If we are trying to forecast the next value, we have several choices.

ARIMA Model

The gold standard for this kind of problems is ARIMA model. The core idea behind ARIMA is to break the time series in o different components such as trend component, seasonality component etc and carefully estimate a model for each component. See Using R for Time Series Analysis for a good overview.

However, ARIMA has an unfortunate problem. It needs an expert ( a good statistics degree or a grad student) to calibrate the model parameters. If you want to do multivariate ARIMA, that is to factor in multiple fields, then things get even harder.

However, R has a function called auto.arima, which estimates model parameters for you. I tried that out.

library("forecast")
....
x_train <- train data set
X-test <- test data set
..
powerTs <- ts(x_train, frequency=525600, start=c(2006,503604))
arimaModel <- auto.arima(powerTs)
powerforecast <- forecast.Arima(arimaModel, h=length(x_test))
accuracy(powerforecast)

You can find detail discussion on how to do ARIMA from the links given above. I only used 200k from the data set as our focus is mid-size data sets. It gave a MAPE of 19.5.

Temporal Features

The second approach is to come up with a list of features that captures the temporal aspects so that the auto correlation information is not lost. For example, Stock market technical analysis uses features built using moving averages. In the simple case, an analyst will track 7 days and 21 days moving averages and take decisions based on cross-over points between those values.
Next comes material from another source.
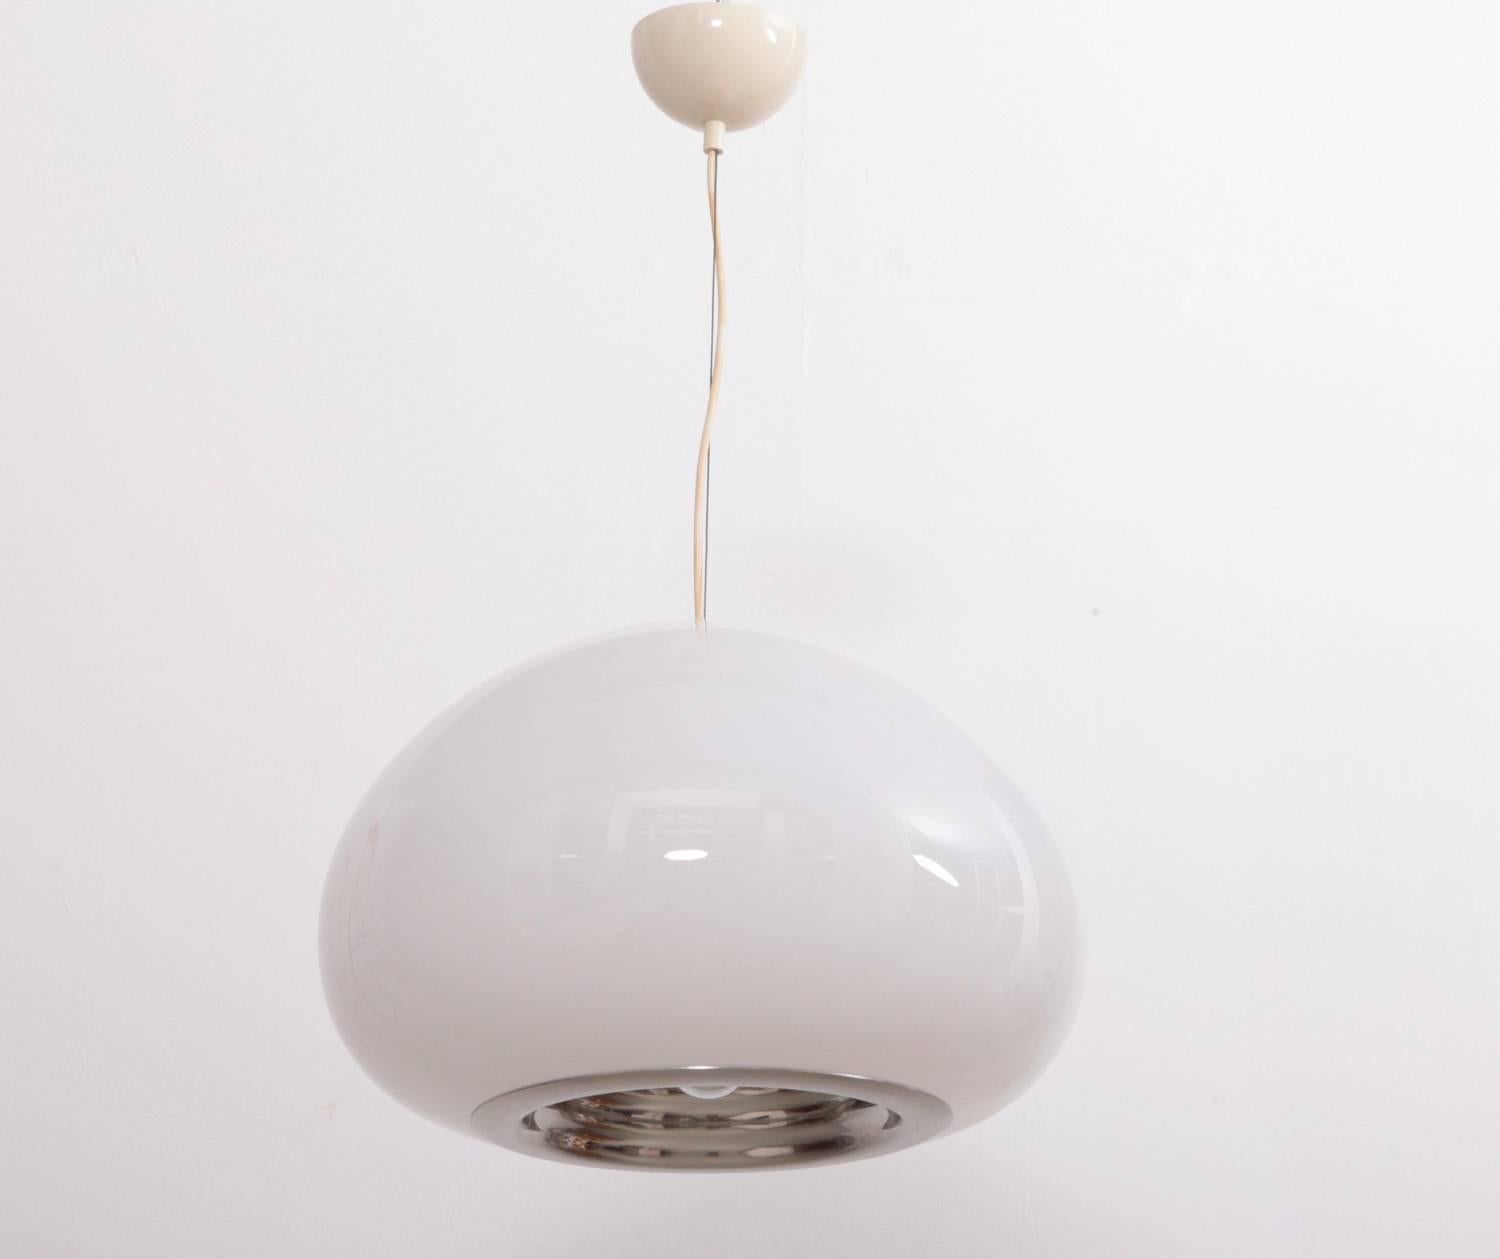 Pendant lamp with opal glass bowl for diffused light. For concentrated light a polished aluminium reflector is fitted to the base with a silver domed reflector bulb.

Following are some feature ideas

  1. collection of moving averages/ medians(e.g. 7, 14, 30, 90 day)
  2. Time since certain event
  3. Time between two events
  4. Mathematical measures such as Entropy, Z-scores etc.
  5. X(t) raised to functions such as power(X(t),n), cos((X(t)/k)) etc

Common trick people use is to apply those features with techniques like Random Forest and Gradient Boosting, that can provide the relative feature importance. We can use that data to keep good features and drop ineffective features.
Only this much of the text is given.